Monday, 13 May 2013
Assayas’ “Après Mai”
French director Olivier Assayas’ story of ‘Carlos the Jackal’ was a gripping television series turned into a six-hour film (Carlos), which I not only saw in its uncut version but might even sit through again. It reminded me of how certain left-wing ideas that had penetrated profoundly the culture of my youth went off the rails into what was then properly called ‘terrorism’. The deadly bands around Venezuelan adventurer Illich Ramírez and other ultra-left entities like the Red Army Faction, Baader-Meinhof and their imitators saw the carnage of the Vietnam years, recalled the horrors of the recent world war and mistakenly imagined themselves into a worldwide revolutionary struggle that required them to go out and commit murder. Once they had crossed that line, as Carlos and another fine film, The Baader-Meinhof Gang, showed, it was easy to justify all sorts of criminal brutality.

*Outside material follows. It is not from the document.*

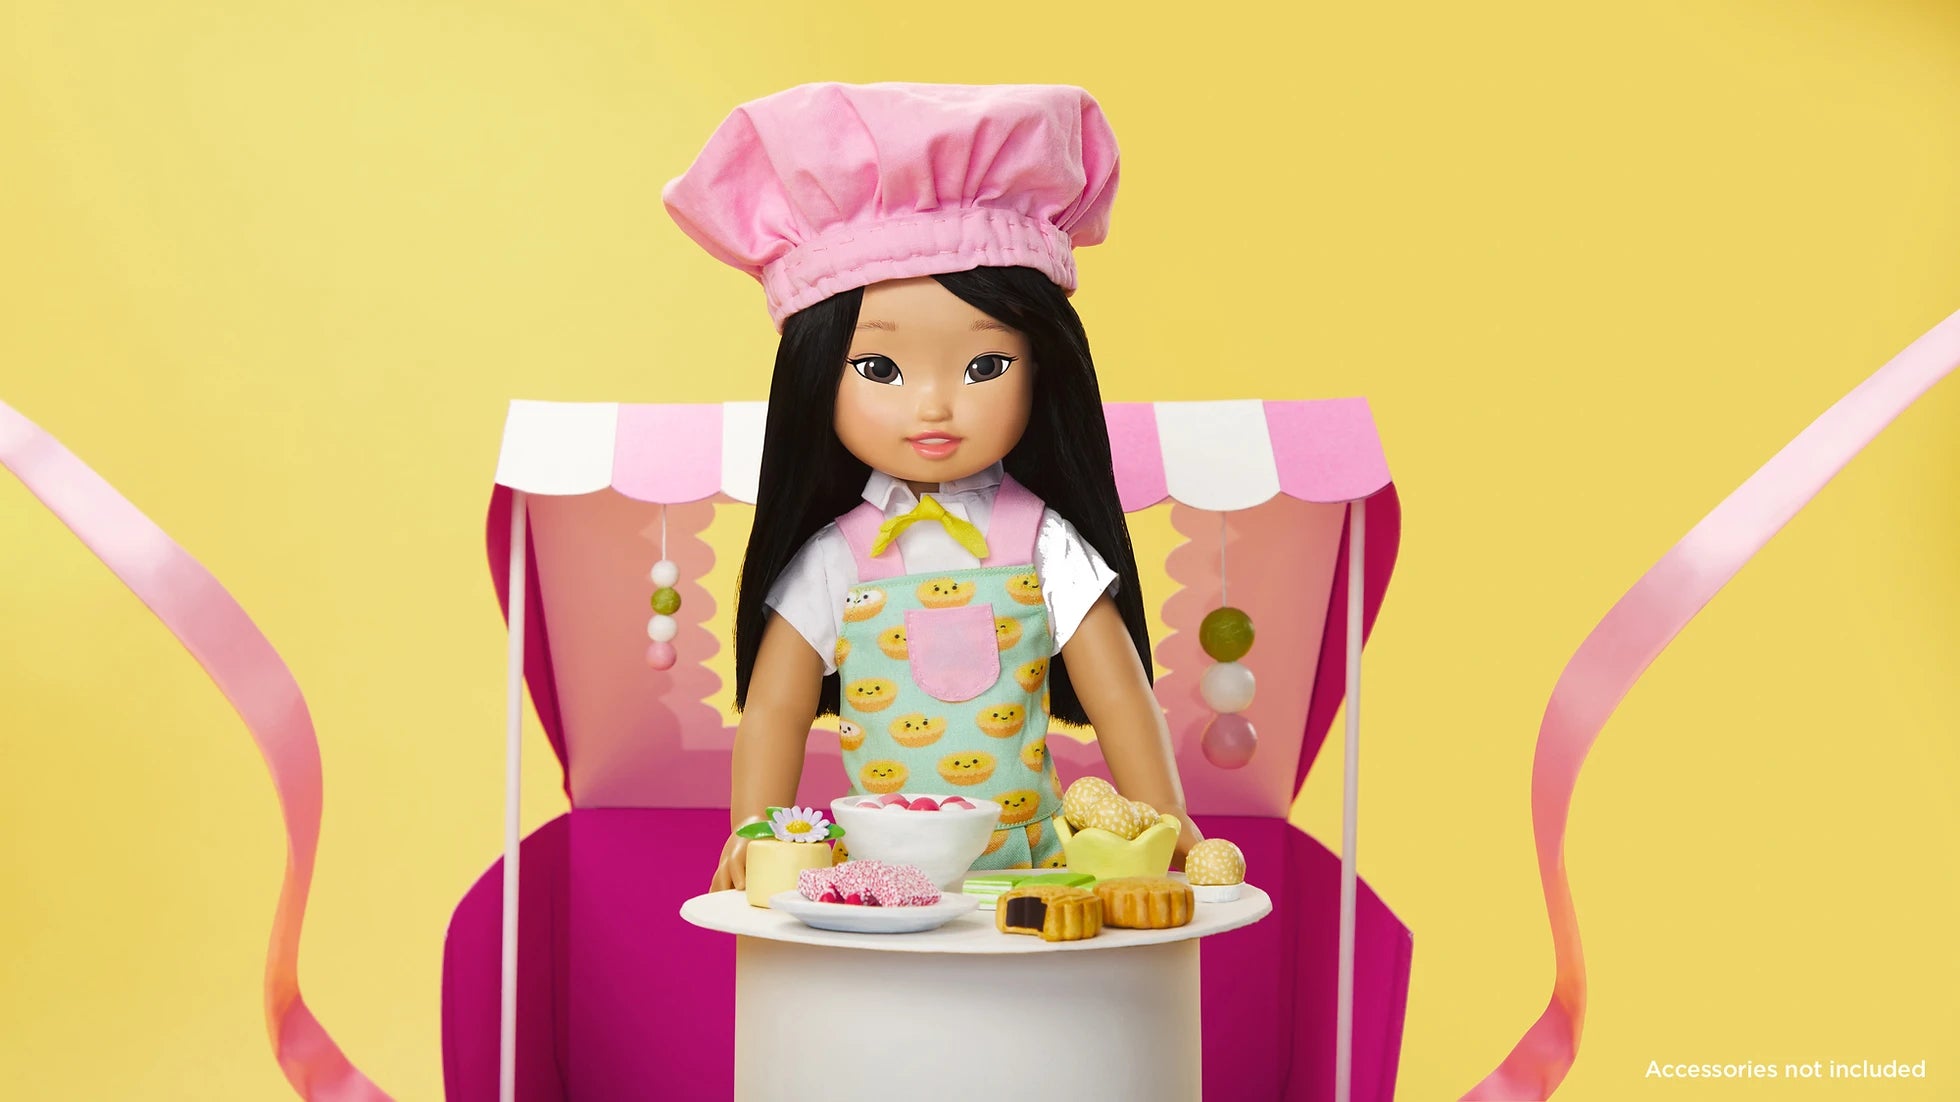 The Jilly Bing doll wearing a chef's hat with play food

But Assayas’ latest offering about the post-1968 generation, translated here as Something in the Air, strongly suggests that his devastating take on cracked militants like Ramírez stems from an underlying problem with political activism itself. His latest characters are high school students in the 1970s, which means that they just missed the upheavals of 1968 (the ‘Mai’ in the title’s reference) but are carrying on in the radical garb handed down from those times. They produce tracts, hold raucous debates, and spray-paint their own school, and while their fellow students dutifully accept the leftist newspapers, the slightly dazed expression on their faces suggests that everyone can sense that the air has gone out of that balloon.

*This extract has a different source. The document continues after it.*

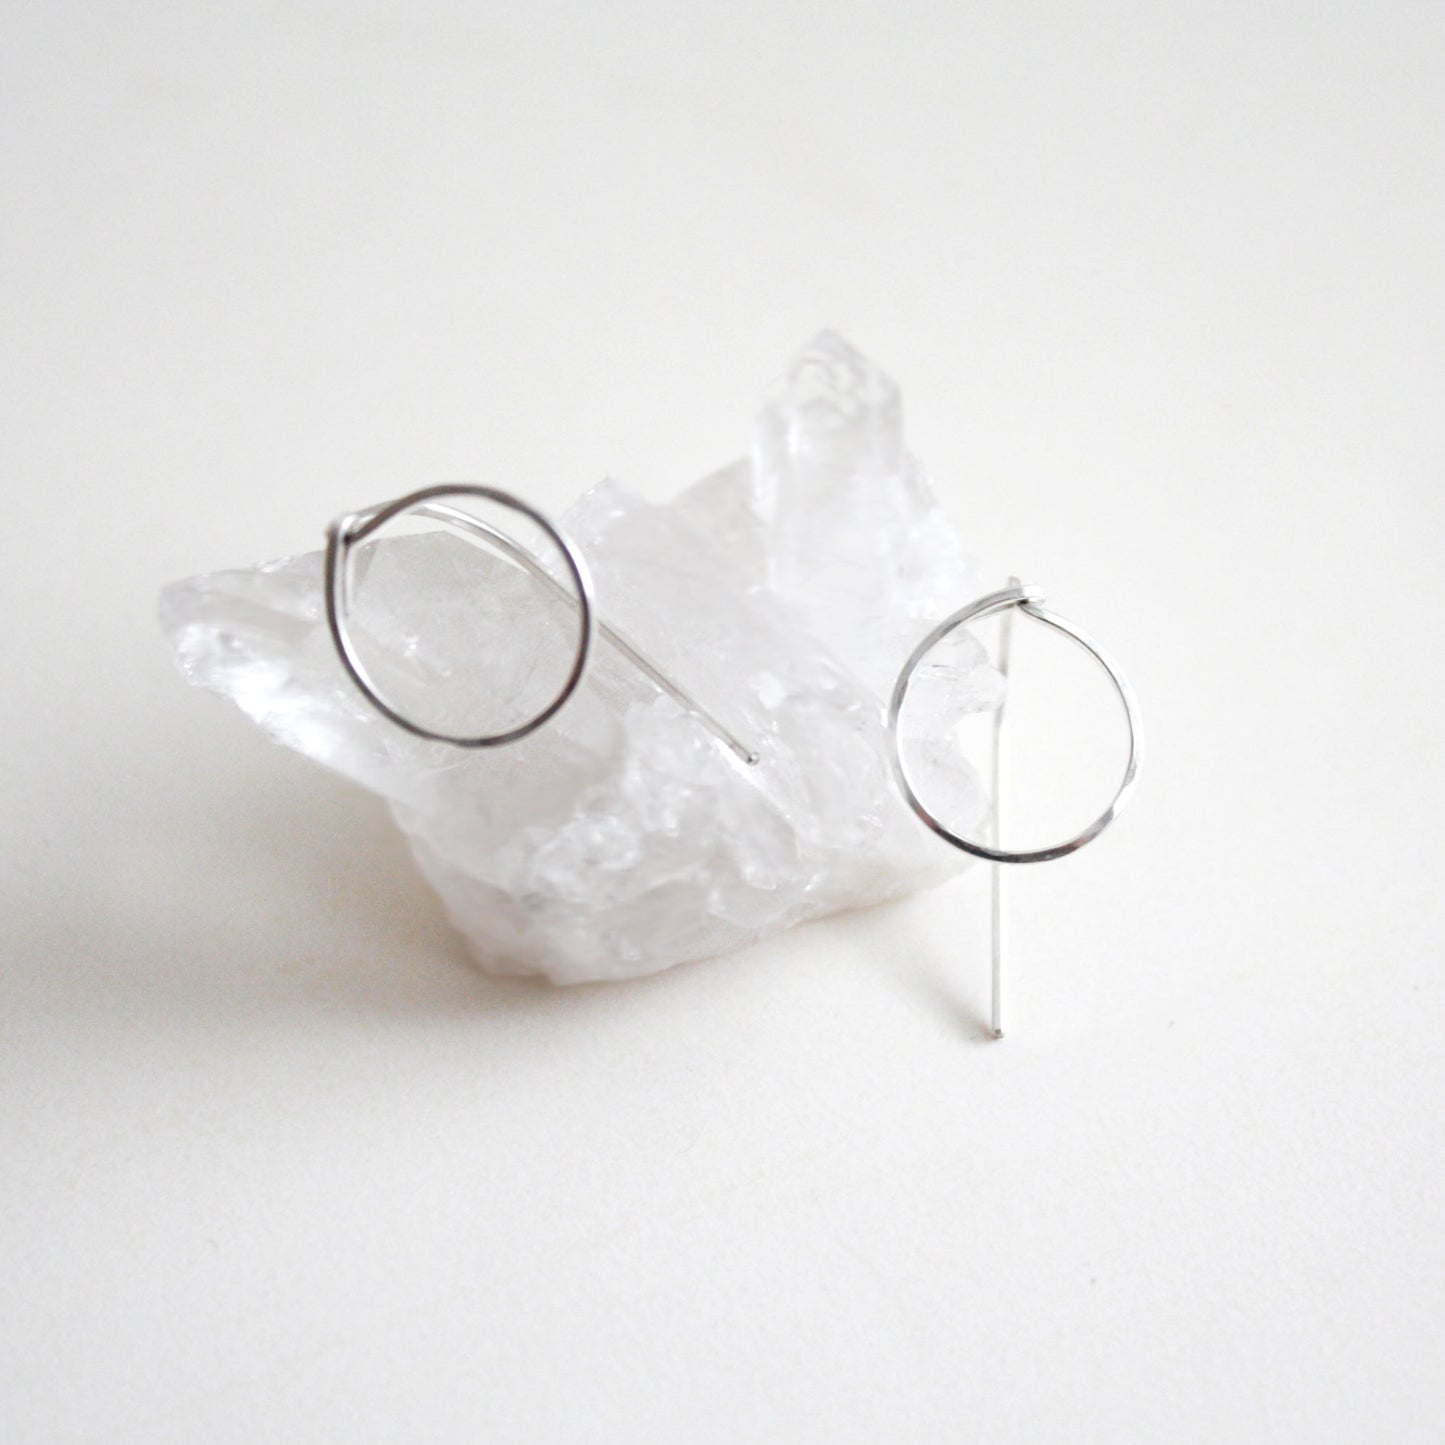 Hammered Circle Threader Earrings - Small

There’s certainly plenty to mock in the messy, naïve and foolish gestures of the seventies, a period Assayas said in an interview he ‘hated everything about’. He gets mileage out of Gilles, his artistically-minded protagonist, who is an island of intuitive good sense while his friends head off into sour left-wing sects or goofy mysticism, usually as part of fragile and/or exploitative romances. Gilles can easily be read as a stand-in for Assayas himself who obviously chose an artist’s life rather than dedication to a cause, and good for him. But because Assayas finds no credible reason for ongoing activism, no social ills that might merit attention, and begins to look like a self-righteous scold.
If he had looked a little beyond his youthful distaste for the excesses of his peers, Assayas might have found the seeds planted by ‘Mai’ in other places, among competent professionals toiling in law, medicine, journalism, unions, the nonprofit sector, or what have you, pursuing the goals of 1968 steadily and sensibly. He could have included characters who overdid it as youth but landed on their feet, who made bad mistakes but recognized them and also took something positive away from their misguided militancy, like solidarity with the downtrodden or hatred of brutality and war.

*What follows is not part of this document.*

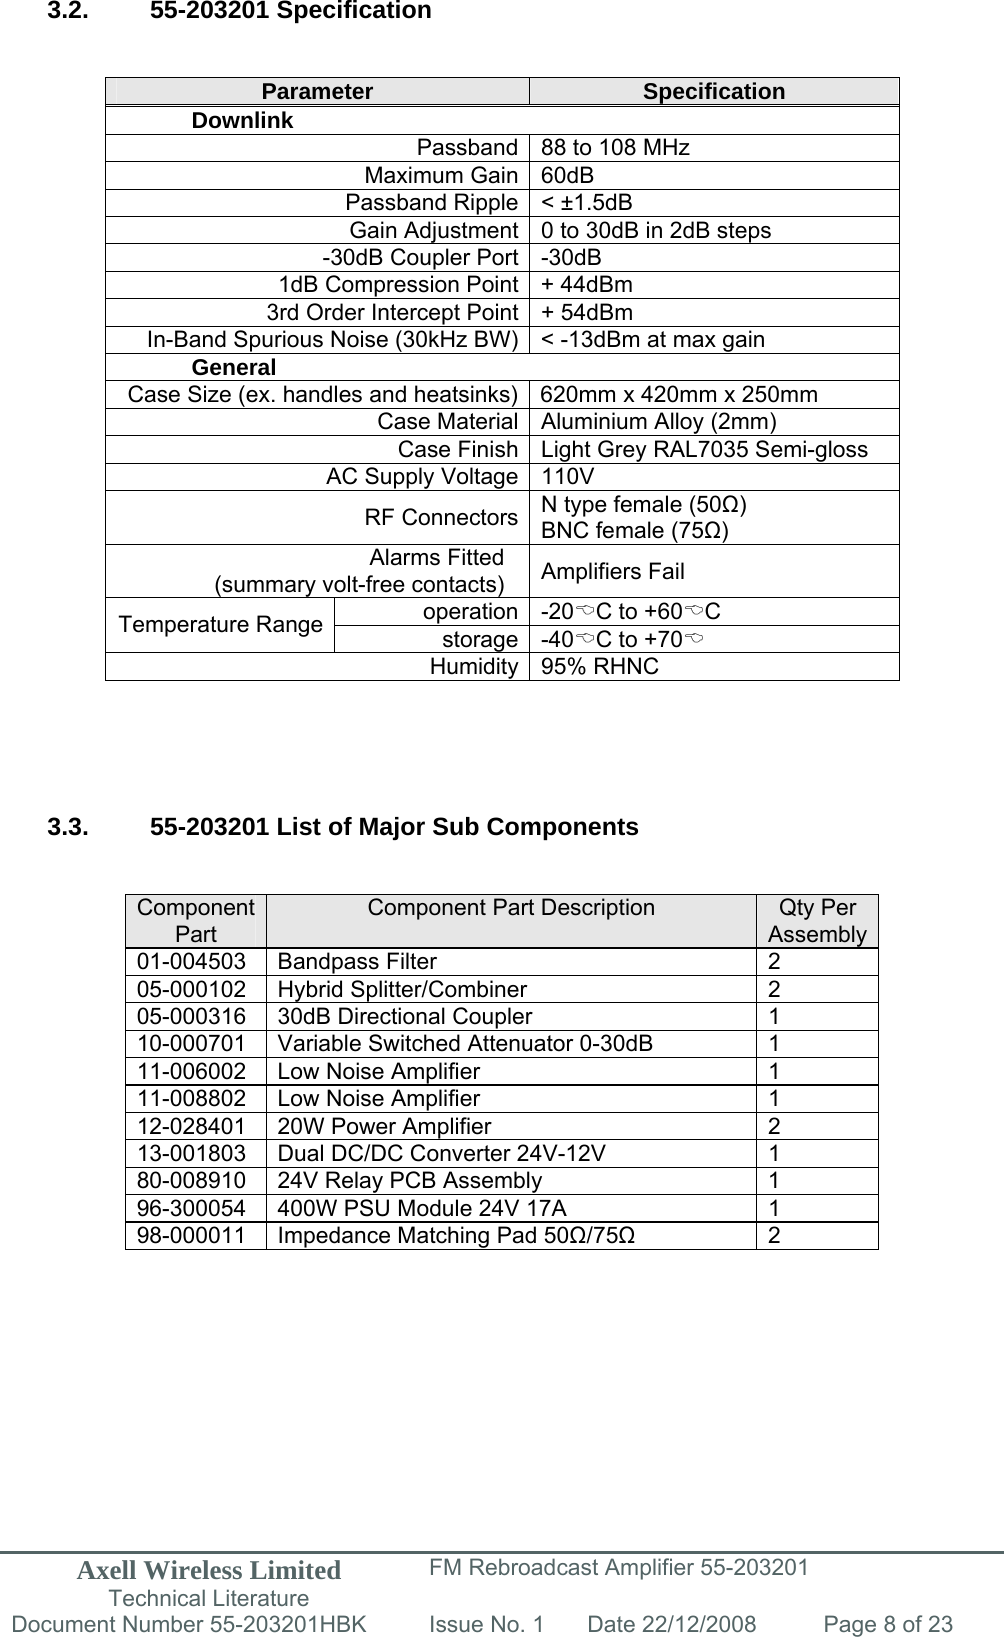 Axell Wireless Limited Technical Literature FM Rebroadcast Amplifier 55-203201 Document Number 55-203201HBK Issue No. 1  Date 22/12/2008  Page 8 of 23   3.2. 55-203201 Specification   Parameter  Specification  Downlink Passband 88 to 108 MHz Maximum Gain 60dB Passband Ripple &lt; ±1.5dB Gain Adjustment 0 to 30dB in 2dB steps -30dB Coupler Port -30dB 1dB Compression Point + 44dBm 3rd Order Intercept Point + 54dBm In-Band Spurious Noise (30kHz BW) &lt; -13dBm at max gain  General Case Size (ex. handles and heatsinks) 620mm x 420mm x 250mm Case Material Aluminium Alloy (2mm) Case Finish Light Grey RAL7035 Semi-gloss AC Supply Voltage 110V RF Connectors N type female (50) BNC female (75) Alarms Fitted (summary volt-free contacts)  Amplifiers Fail operation -20%C to +60%C Temperature Range  storage -40%C to +70% Humidity 95% RHNC      3.3.  55-203201 List of Major Sub Components   Component Part Component Part Description  Qty Per Assembly 01-004503 Bandpass Filter  2 05-000102 Hybrid Splitter/Combiner  2 05-000316  30dB Directional Coupler  1 10-000701  Variable Switched Attenuator 0-30dB  1 11-006002  Low Noise Amplifier  1 11-008802  Low Noise Amplifier  1 12-028401  20W Power Amplifier  2 13-001803  Dual DC/DC Converter 24V-12V  1 80-008910  24V Relay PCB Assembly  1 96-300054  400W PSU Module 24V 17A  1 98-000011  Impedance Matching Pad 50/75 2

Instead, Assayas draws a portrait that will be comforting to the smug and selfish of succeeding generations who can’t be bothered with anything not directly related to their own careers, pleasures and private lives. Those are the real descendants of the hated 70s, which culminated in selfishness raised to an art form precisely at the decade’s end, i.e., the advent of Reaganism in 1980.
That counter-revolution is still with us in the form of grotesque exploitation by the bankster 1% and all manner of dangerous Tea Party-style wacko influences on our daily lives. But Assayas’ focus on fringe characters like Carlos and the beknighted adolescents of Après Mai suggests that resistance is not only futile but pathetic.